NEW ORLEANS – Carol Severance can continue to challenge a decision that Hurricane Rita turned her Galveston Island properties into public beaches, even though she sold the properties, U. S. Fifth Circuit appellate judges ruled on Sept. 28.
They denied a motion from Texas Land Commissioner Jerry Patterson to declare her case moot and to withdraw questions they previously certified to the Supreme Court of Texas.
Patterson and Attorney General Greg Abbott argued that they wouldn't enforce the law against her, but Fifth District judges didn't accept that assurance.
"It is the statutory threat of penalties, not the intention of state officers, that determines the vitality of the controversy," they wrote.
Now the Fifth District must wait for the Supreme Court of Texas to decide whether Rita moved the line that separates private property from public beach.
The Justices, who abated their review of the case in July, reinstated it on Oct. 7
Severance, a California resident, bought homes on West Beach in 2005.
Rita soon struck, pushing the vegetation line landward.
Officials told her parts of her properties were on a public easement that had rolled with the vegetation line.
She sued at federal court in Houston to block forcible removal of the homes, alleging unreasonable seizure and violation of due process.
District Judge Kenneth Hoyt dismissed the suit in 2007, finding she could raise federal claims if the state ever filed an enforcement action.
She appealed, and the Fifth District asked the Supreme Court of Texas for guidance.
Last year, six Justices ruled that the state had to pay Severance for an easement.
Justice Dale Wainwright wrote that the Court wouldn't require new easements for gradual changes but would require them after sudden and dramatic acts of nature.
He wrote that the right to exclude others from private property is among the most valuable and fundamental rights possessed by property owners.
Justices Nathan Hecht, Paul Green, Phil Johnson, Don Willett and Eva Guzman agreed.
Dissenters David Medina and Debra Lehrmann warned that the majority jeopardized the public's right to free and open beaches.
Medina wrote that easements must roll with a changing coastline.

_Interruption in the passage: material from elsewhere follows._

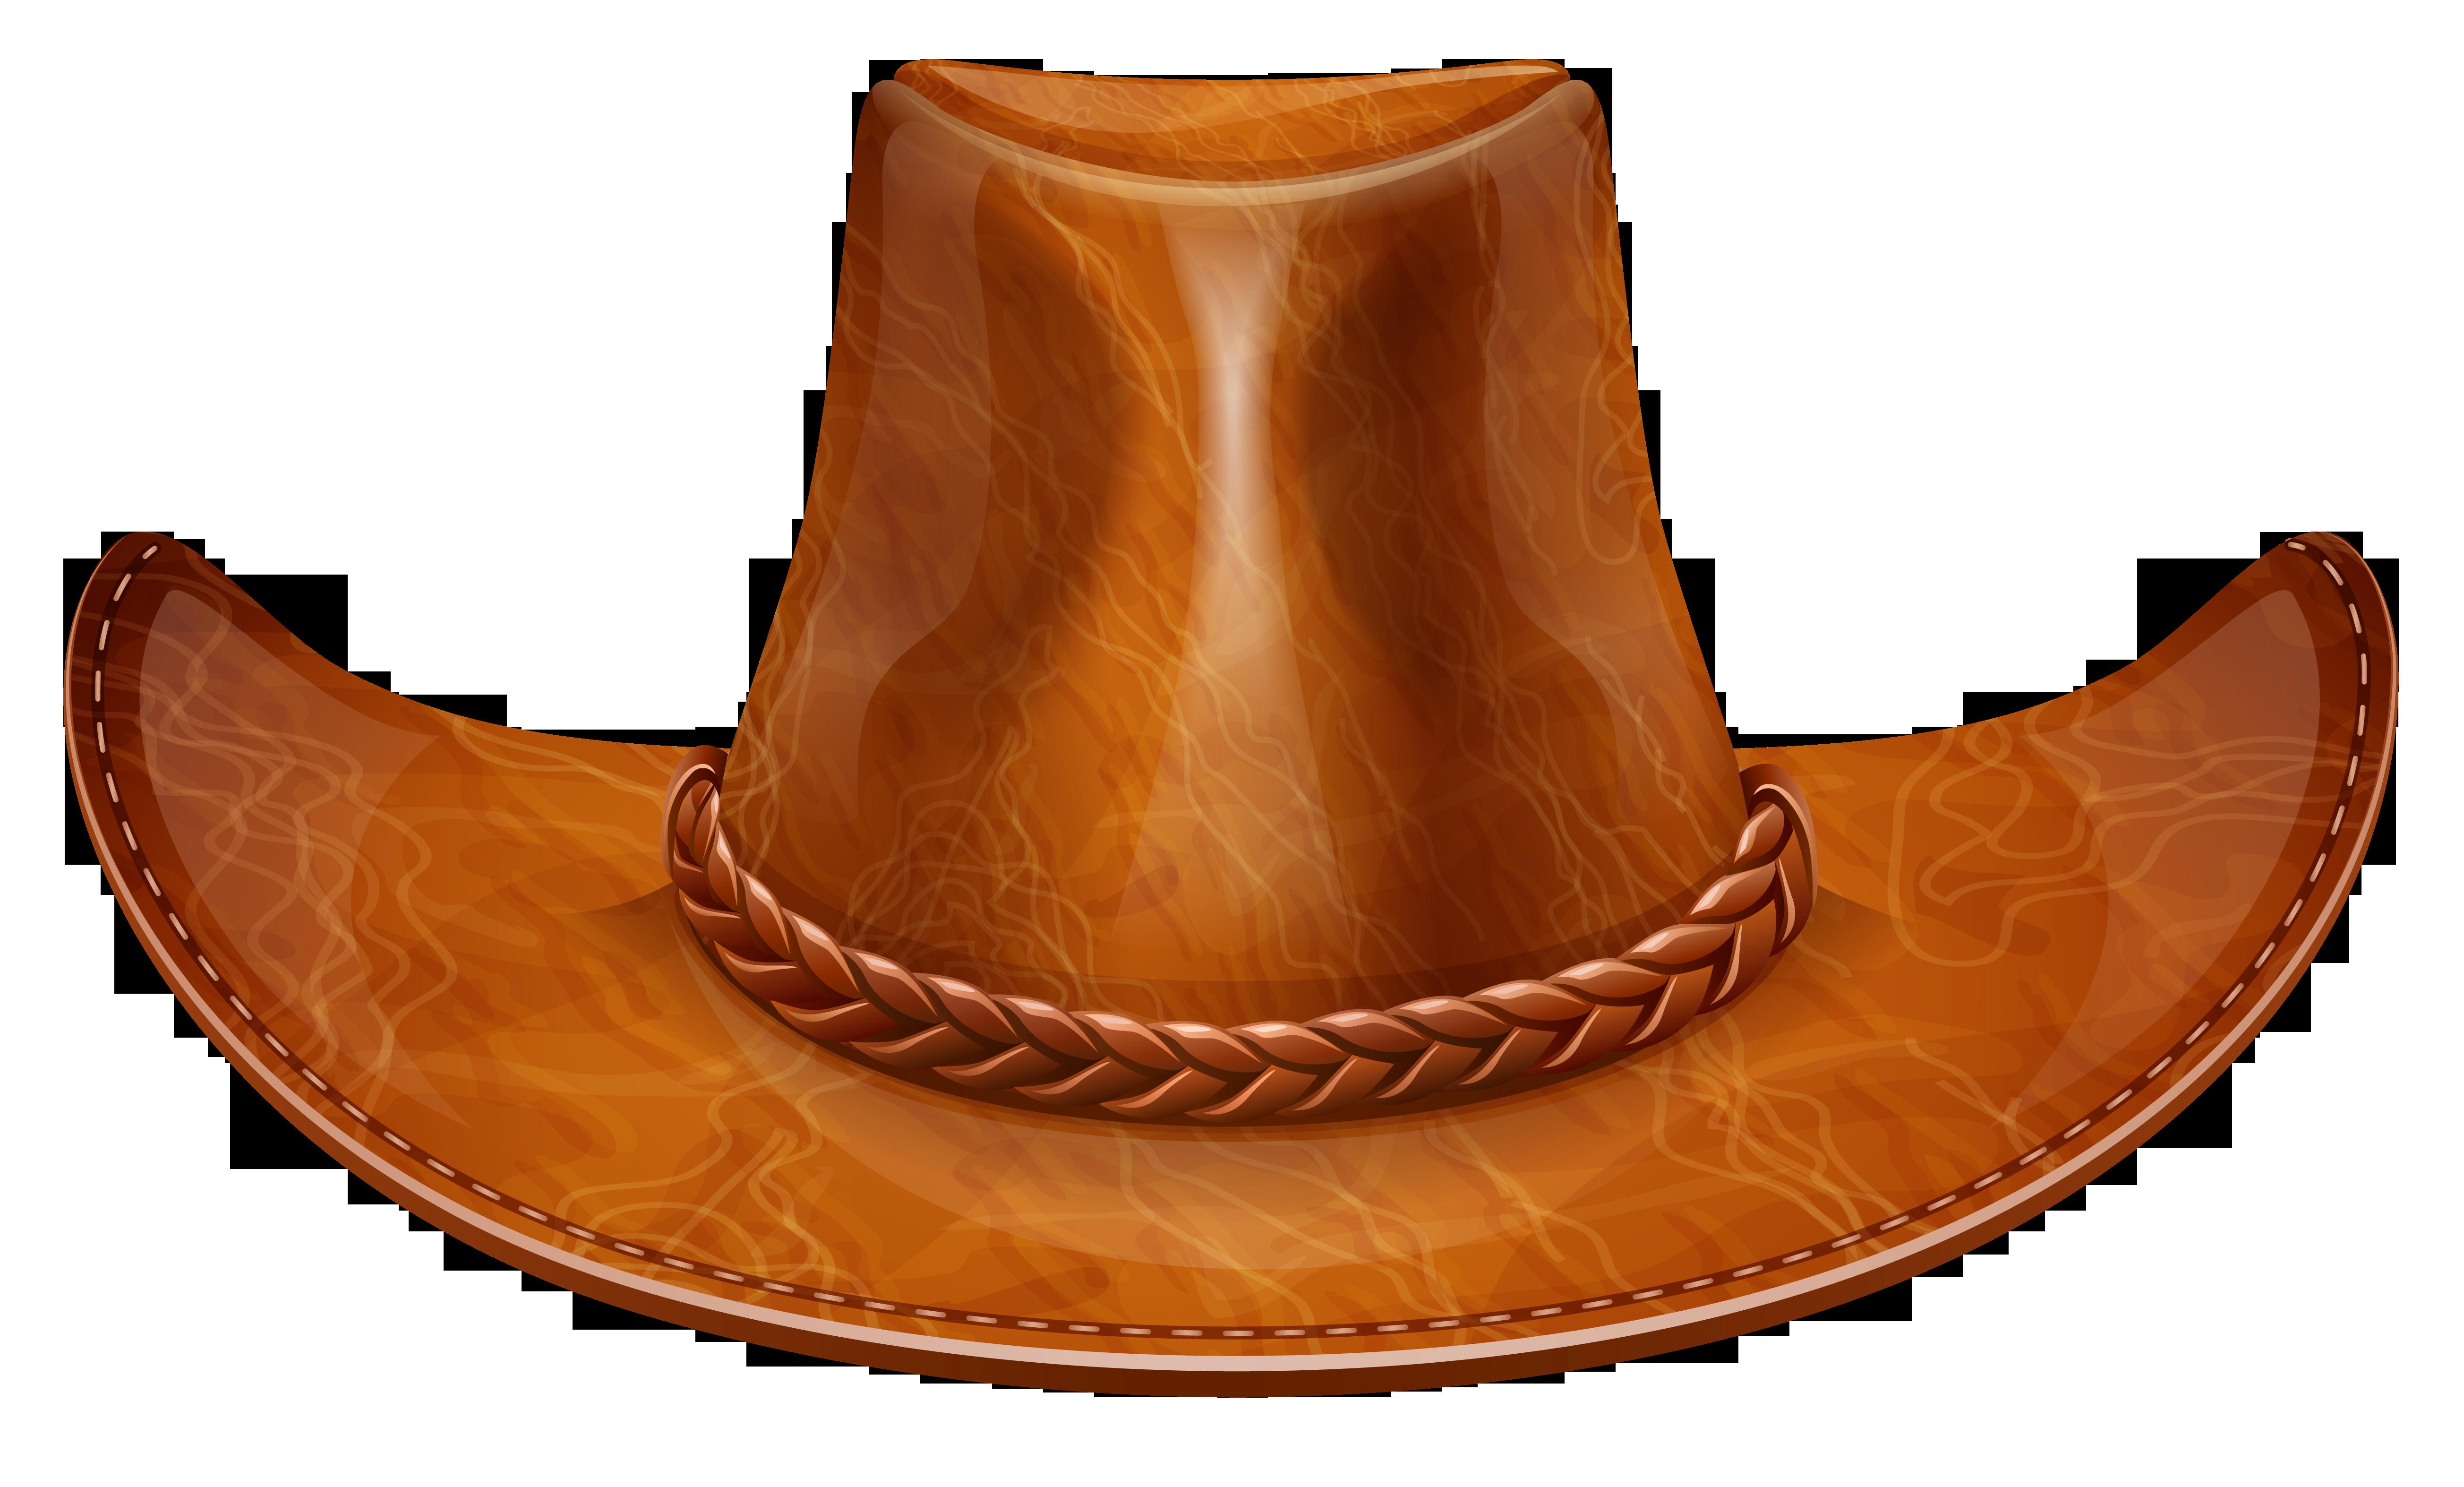 Brown cowboy hat png. Hats clipart cow boy

Chief Justice Wallace Jefferson didn't participate.
Abbott moved for rehearing, and the Justices granted it.
They heard oral arguments in April and took it under advisement.
Severance had sold two properties to the city of Galveston by then, through a Federal Emergency Management Agency program, and she sold another in June.

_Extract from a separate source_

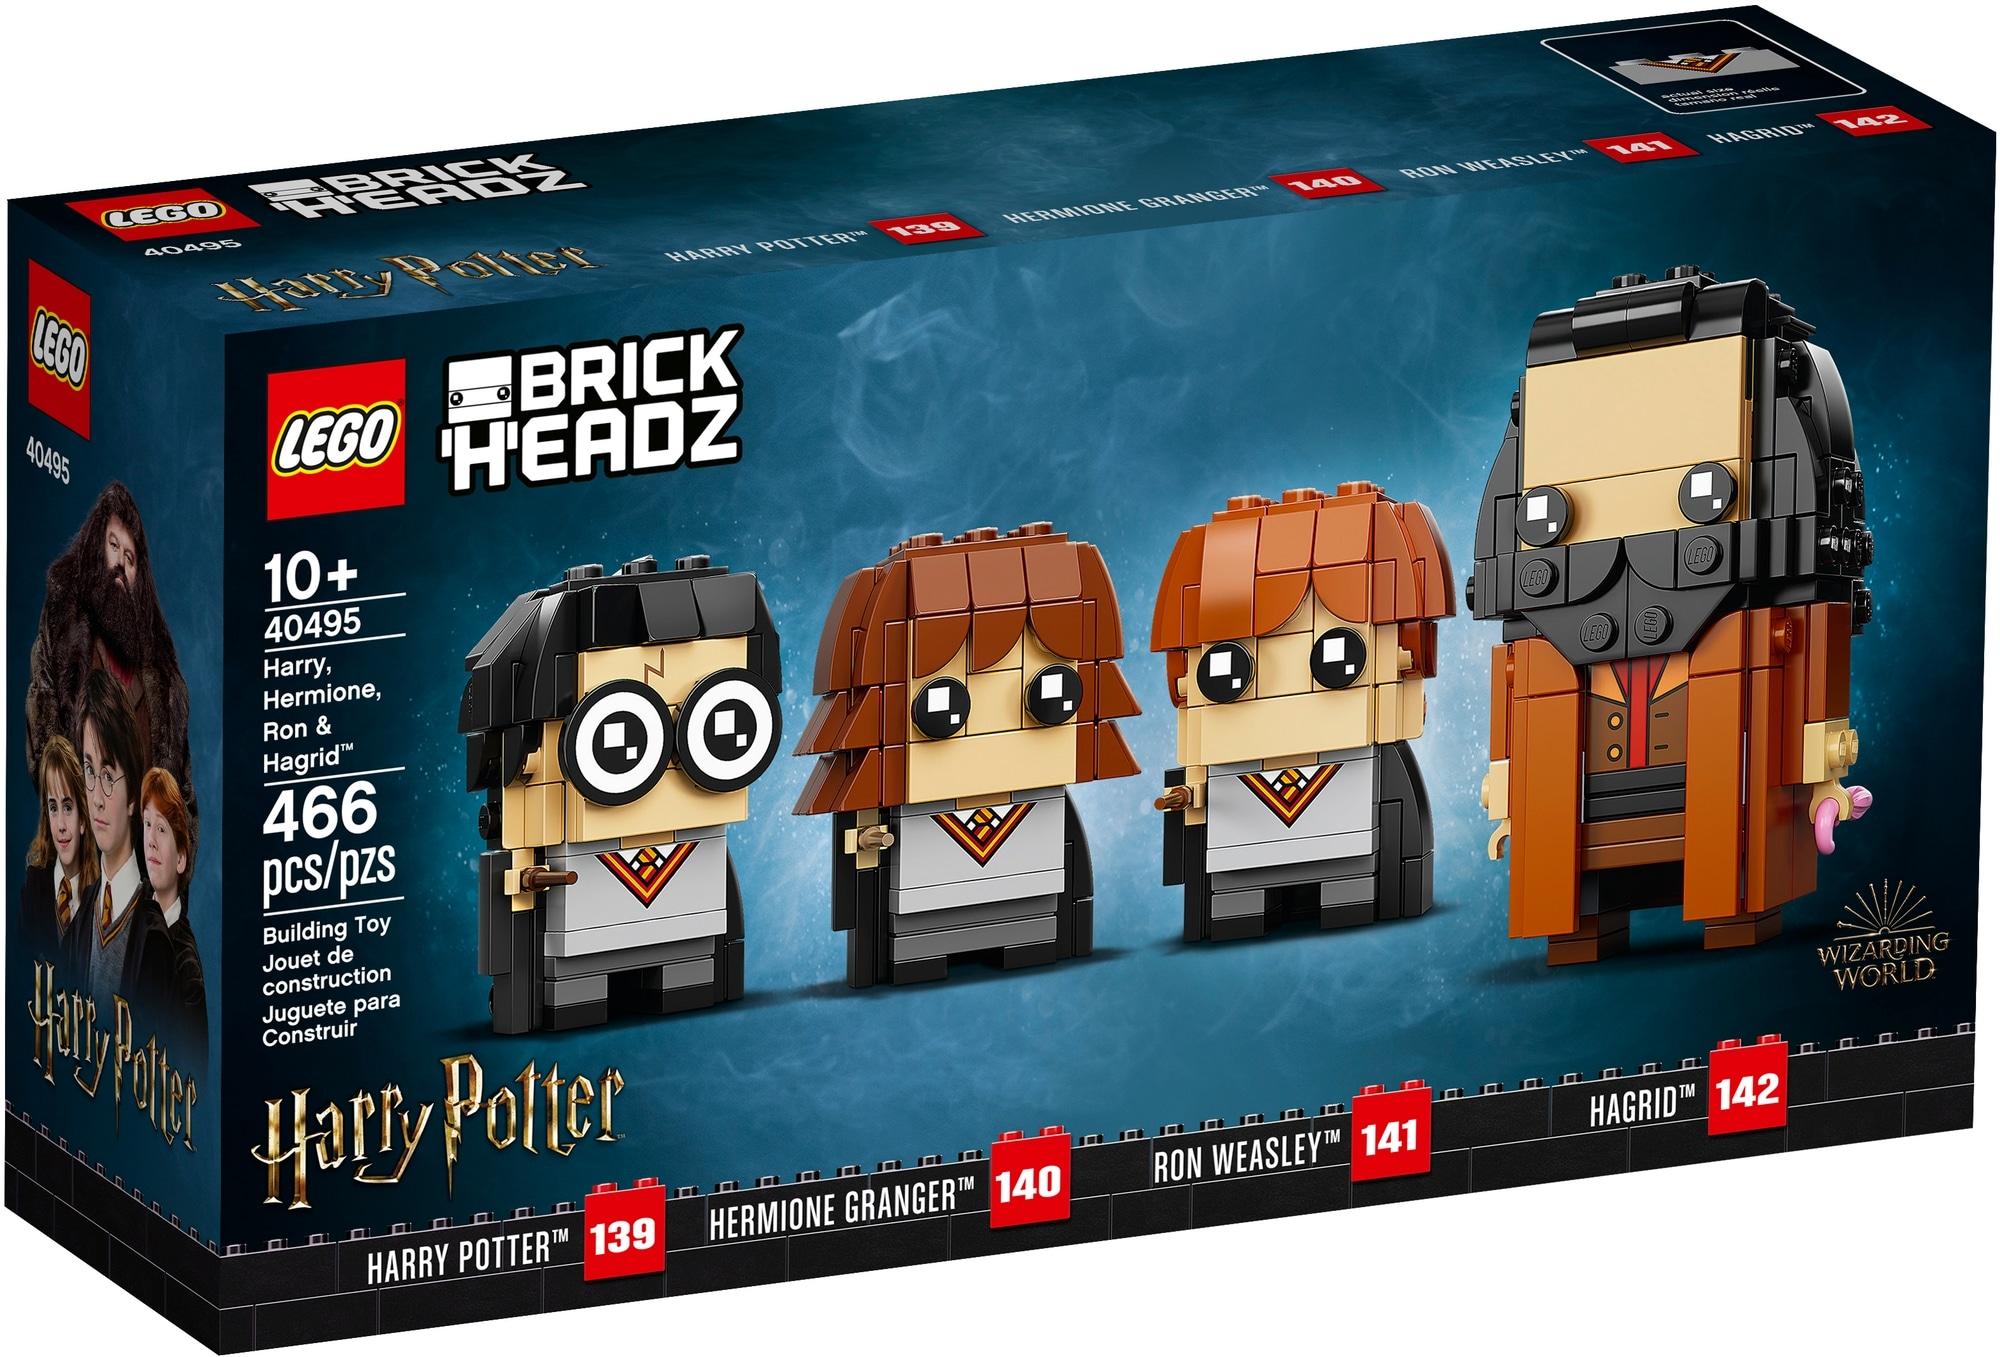 LEGO Brickheadz 40495 Harry, Hermine, Ron & Hagrid 2

Abbott asked the Justices to declare the case moot, and they decided that the Fifth Circuit should make the call.
Abbott's assistant solicitor general, Arthur D'Andrea, told Fifth Circuit judges that Severance "faces no collateral consequences such as fines or civil penalties."
For Severance, David Breemer of Sacramento wrote that a rolling easement rendered the homes economically useless.

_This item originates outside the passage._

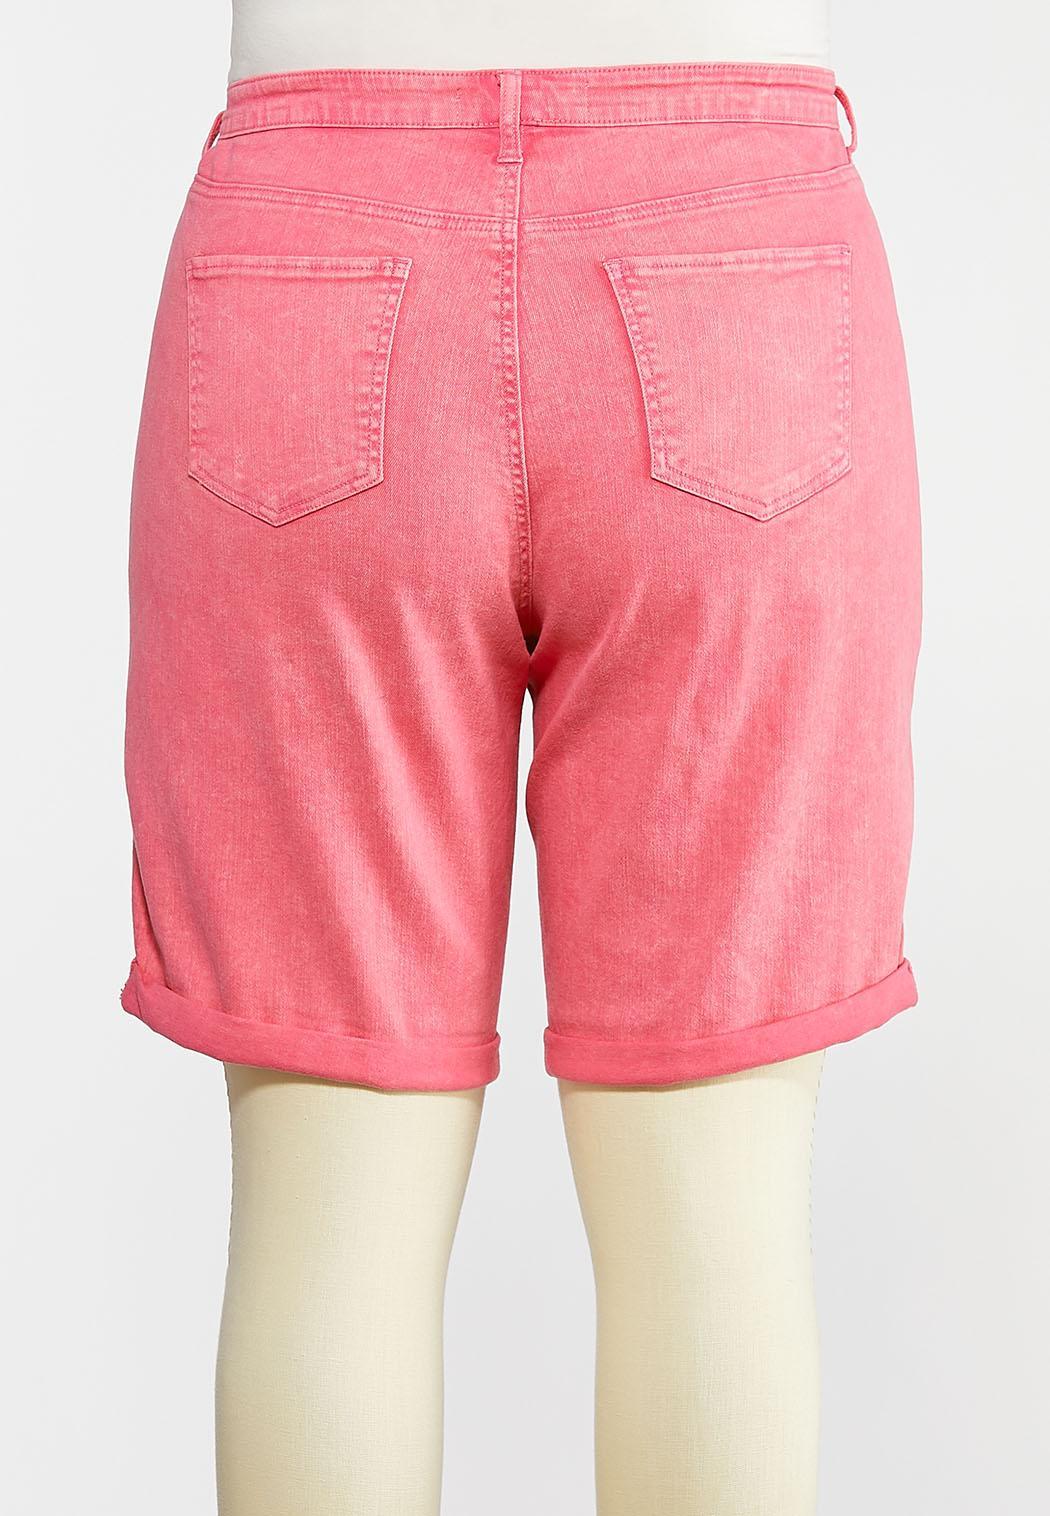 Plus Size Pink Denim Bermuda Shorts (Item #44241909)

"After several years of holding on to these properties in the hope this suit would free them from rolling easement restrictions, the financial pressure of paying the mortgages on the useless properties became too much," he wrote.
He wrote that Hurricane Ike damaged the homes in 2008, and Severance couldn't repair them due to the rolling easement.
He wrote that she remained at risk of substantial fines and penalties for the period she maintained her homes on the alleged rolling easement.
D'Andrea answered, "We reiterate that the Open Beaches Act does not authorize penalties, of any sort, to be sought against someone who does not own a structure on the public beach."
Fifth District judges interpreted the law as Severance did.
They wrote, "Carol Severance remains exposed to potential liability for alleged violations of the Texas Open Beaches Act during the period that her two beach houses, the original subjects of this lawsuit, were located seaward of the vegetation line."